Electronic – LED + PWM EMC concerns

emcled strippwm

I'm building a light device with LEDs connected in series. One device could hold up to 200 LEDs in a strip of 1.5m.

I'm also supposed to take care about the good choice of a PWM frequency (using a microcontroller) to drive the LEDs (via LED driver) as if it's to low you may have flickering (show up easily with video cameras) but if it's to high I'm afraid of EMC so it cannot be certified for selling. Two questions arises then:

1) Who is the biggest problem here? Should I be concerned with EM wave generation somehow or just EMI via circuit?

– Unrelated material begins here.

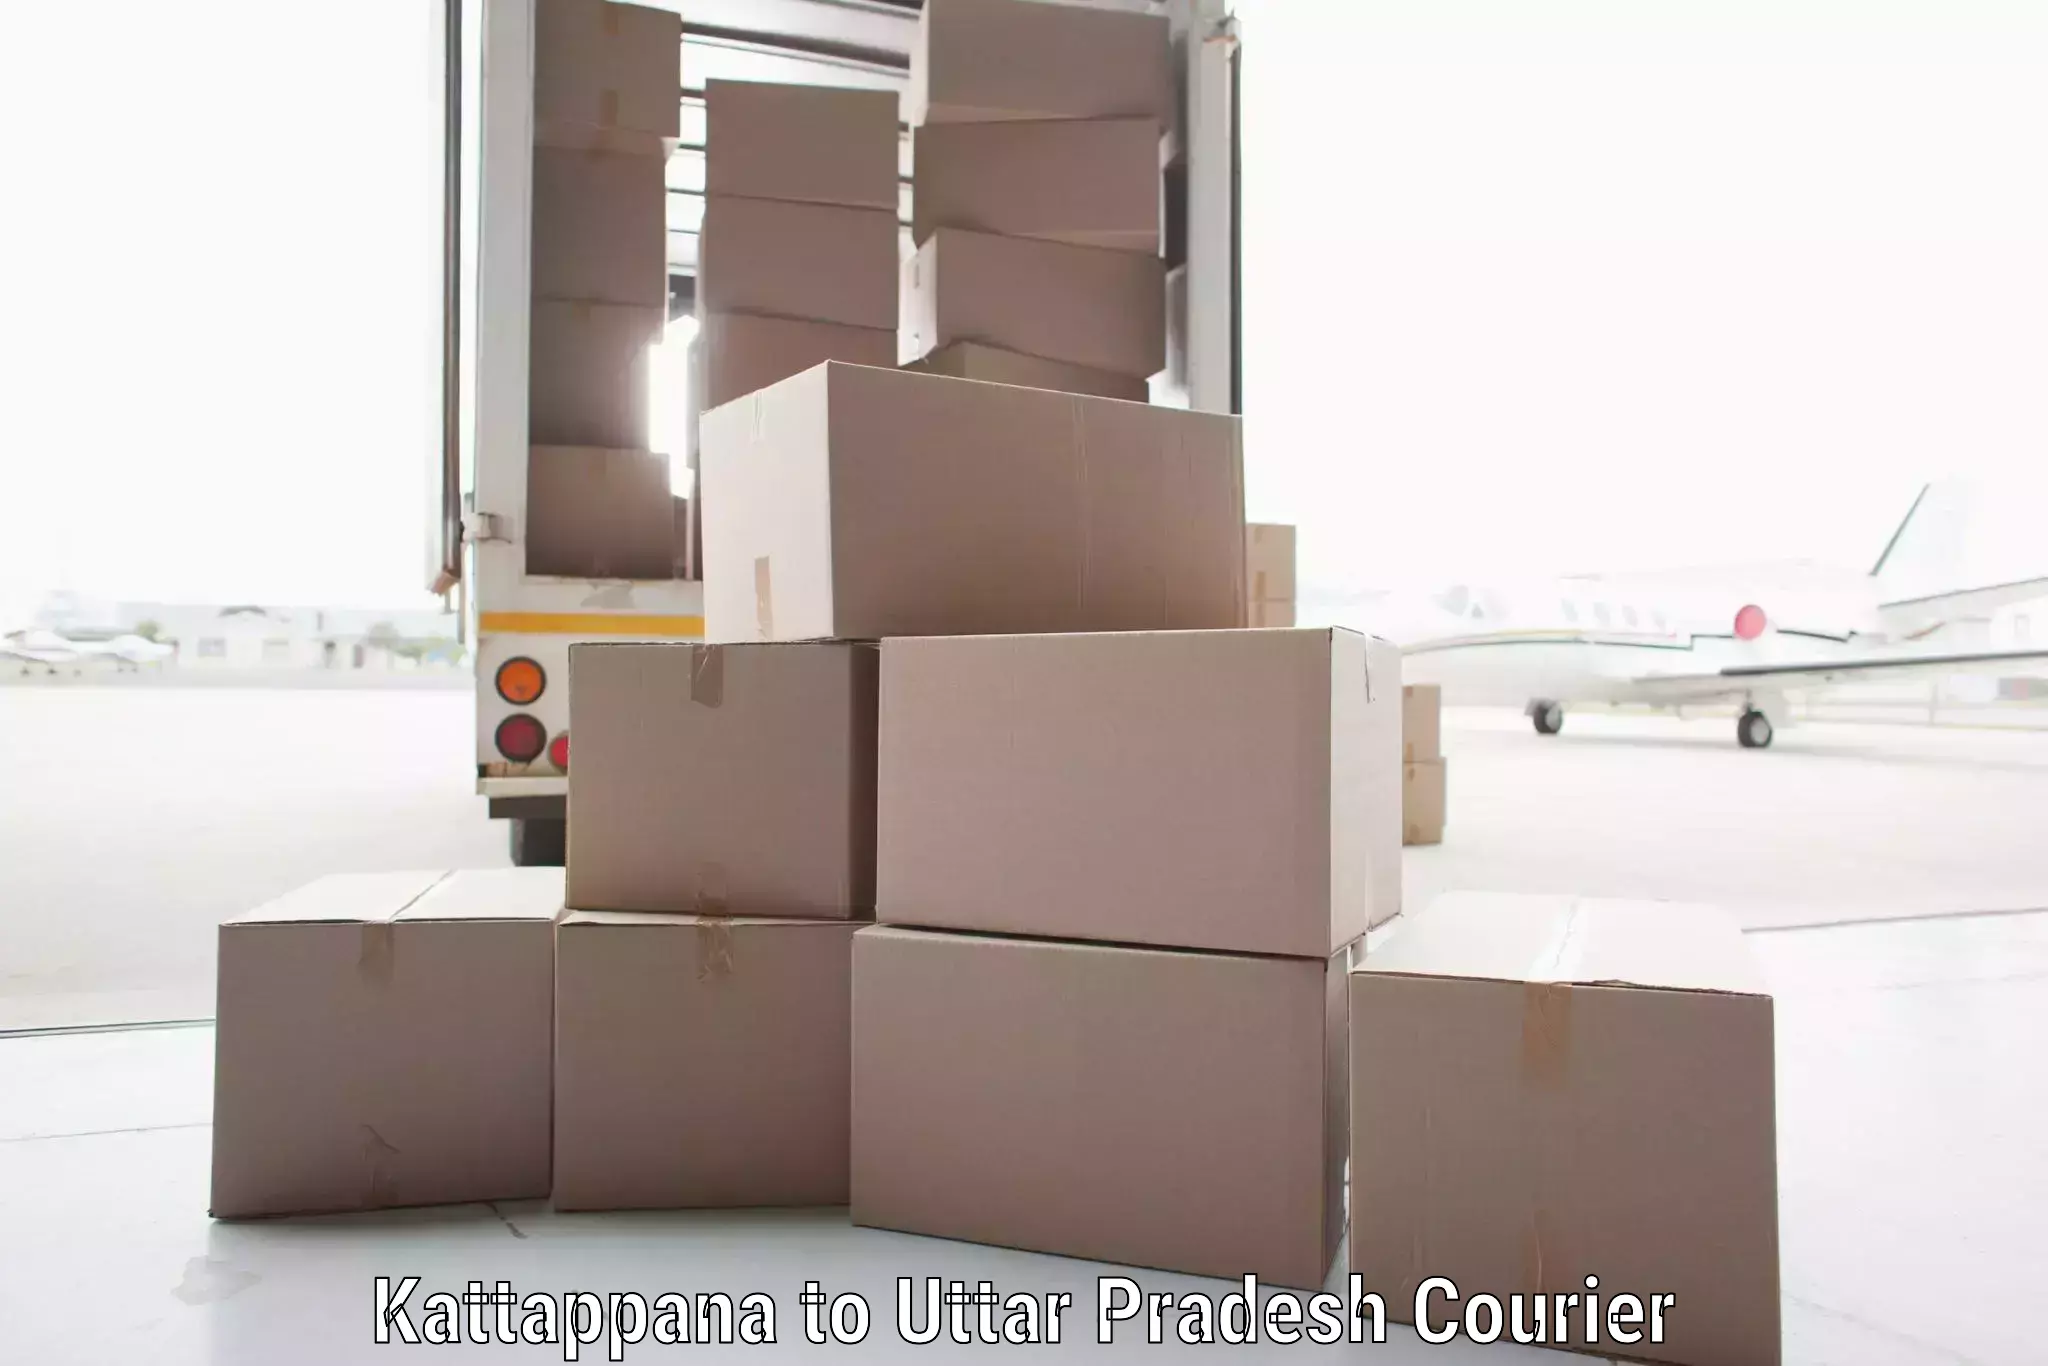 High-capacity shipping options Kattappana to Tanda

2) Who should be the main EMI generator? The LED driver (switching), the LED itself, some other component or all together?

Thanks

Best Answer

1) EMI is caused by switching currents. Look at the edge of your PWM signal, sharp, fast edges cause higher spike in current, and worse EMI issues. The frequency is pretty much irrelevant. If each LED is routed well so there is a good current path (low induction for the frequency used), there will be no issues with EMI. If you need to know how to design a good current path, I would need a lot more than this answer to explain it to you.

2) The EMI will be caused by current. Look at the current loop, check the full current path to and from every current source, which includes capacitors, ICs and the LEDs themselves.

I'm pretty sure you're over thinking this EMI issue. At low frequencies (10kHz when looking at distances of <50mm) the current path is pretty predictable, as long as there is reasonable decoupling and good PCB traces, you shouldn't have an issue.